Other than the obvious interpretations:

  • Farthest pair of points
  • Consider the following problem [can someone track down the source, please?]: you are given several colors of paint. Each one was created by mixing together a certain nonzero amount of each of the three primary subtractive colors (cyan, magenta, and yellow), and is hence given as a triplet in the input. Assume that the color of a given mixture depends only on the ratios of the amounts of the three primary colors present. By mixing paints, can we obtain a target color (also given as a triplet)? The amount is not important. It turns out that this problem may be solved using the two-dimensional convex hull. First of all, we normalize each paint by dividing each component by the amount of cyan paint present. (This does not actually change the color, as ratios are preserved.) We do the same for the target triplet. Then we discard all the cyan components entirely, since they are all 1, and focus on the other two components. Each color may then be plotted as a point on the plane. The possible target colors are those which lie inside the convex hull of the colors given. This is because when we mix together two paints, each component of the new color is the same linear combination of the components of the two original paints; since ratios are unimportant we can always normalize the result, so that the cyan 1s will always stay as 1s; and the new point obtained will therefore lie on the line segment joining the two original points. The convex hull is the set of all points reachable by executing this procedure an arbitrary number of times.

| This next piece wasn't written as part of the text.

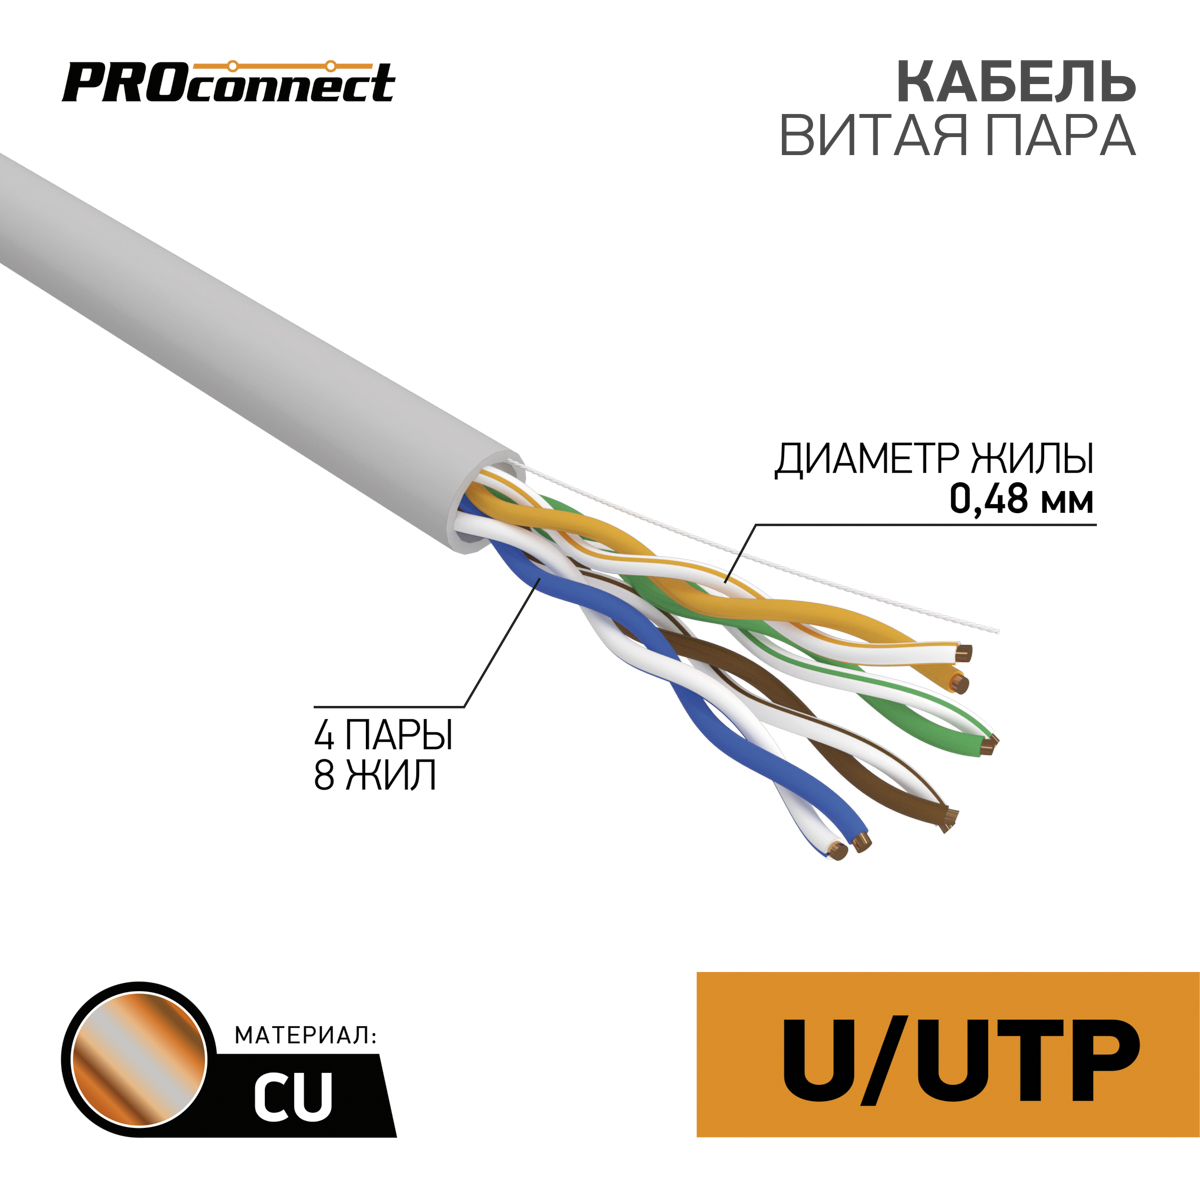 Кабель UTP 4 x 2 x 0,48 мм, cat 5e, 1м., PROCONNECT 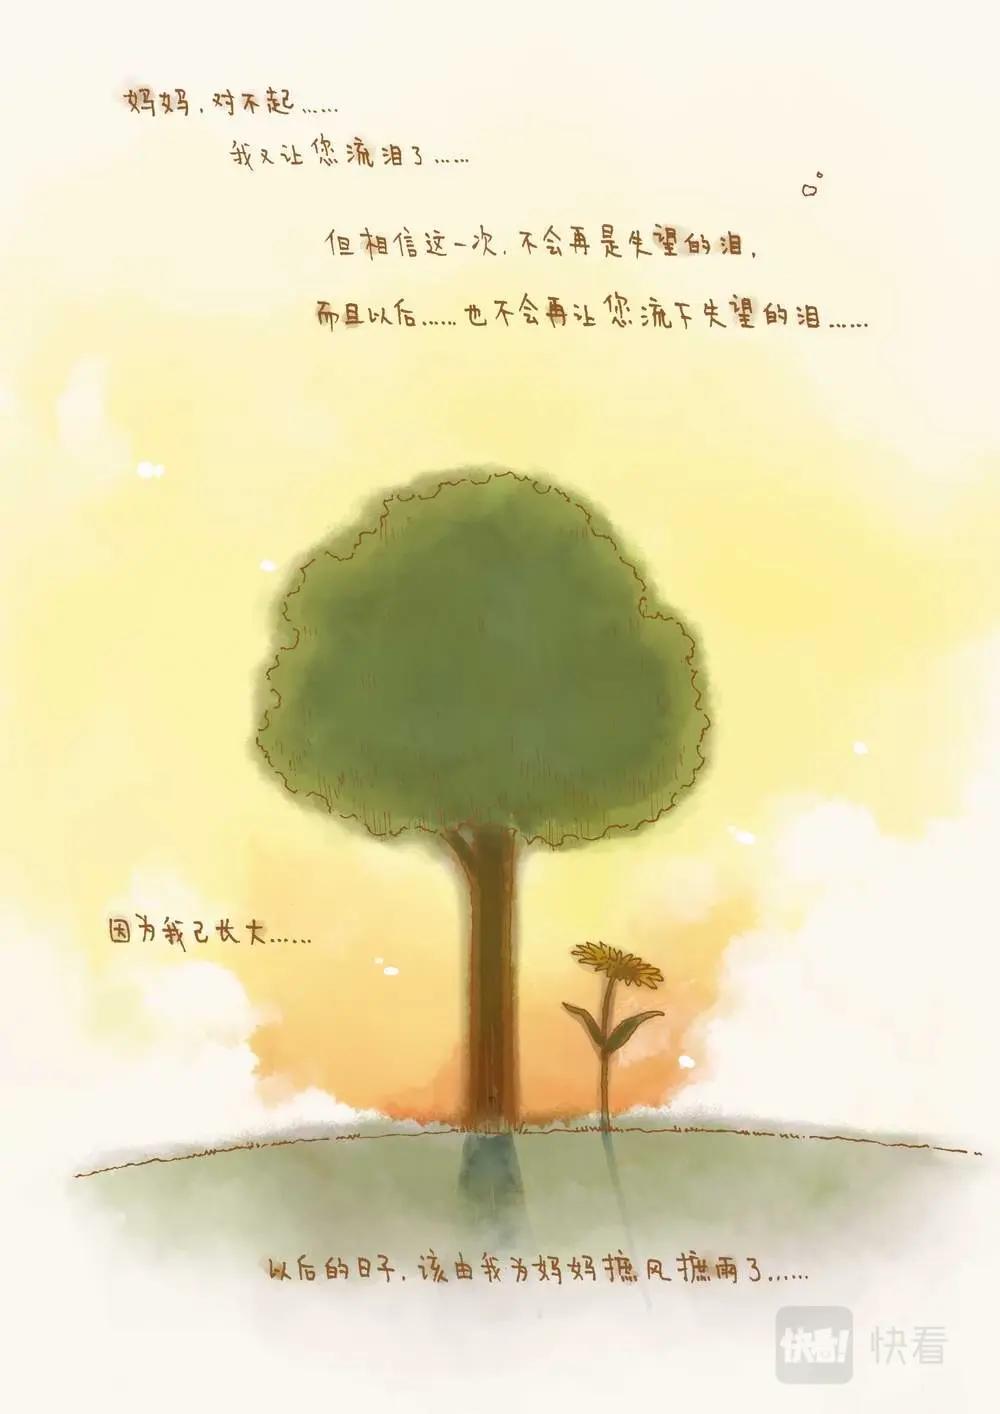 彩虹淚光 - 05 虹色康乃馨 - 6

Three-dimensional convex hull[edit]

Computing a convex hull in \mathbb{R}^3 is significantly more challenging. It is a task which will most likely never be given on competitions such as the IOI, and it is not recommended that high school students learn it. However, there is a fairly simple O(n^2) algorithm, which works as follows: first project all of the points onto the xy-plane, and find an edge that is definitely on the hull by selecting the point with highest y-coordinate and then doing one iteration of gift wrapping to determine the other endpoint of the edge. This is the first part of the incomplete hull. We then build the hull iteratively. Consider this first edge; now find another point in order to form the first triangular face of the hull. We do this by picking the point such that all the other points lie to the right of this triangle, when viewed appropriately (just as in the gift-wrapping algorithm, in which we picked an edge such that all other points lay to the right of that edge). Now there are three edges in the hull; to continue, we pick one of them arbitrarily, and again scan through all the points to find another point to build a new triangle with this edge, and repeat this until there are no edges left. (When we create a new triangular face, we add two edges to the pool; however, we have to first check if they have already been added to the hull, in which case we ignore them.) There are O(n) faces, and each iteration takes O(n) time since we must scan all of the remaining points, giving O(n^2). (If you feel like coding this, you might try CH3D@SPOJ.) It is possible to speed up this algorithm significantly by initially discarding a large number of points we know not to be in the hull; one easy way that performs quite well is to find both extremal points with respect to each of the three coordinate axes, and discard all points in the interior of the octahedron they form.

It is possible to compute a 3D convex hull in O(n \log n) time using a divide-and-conquer algorithm, but this is extremely difficult.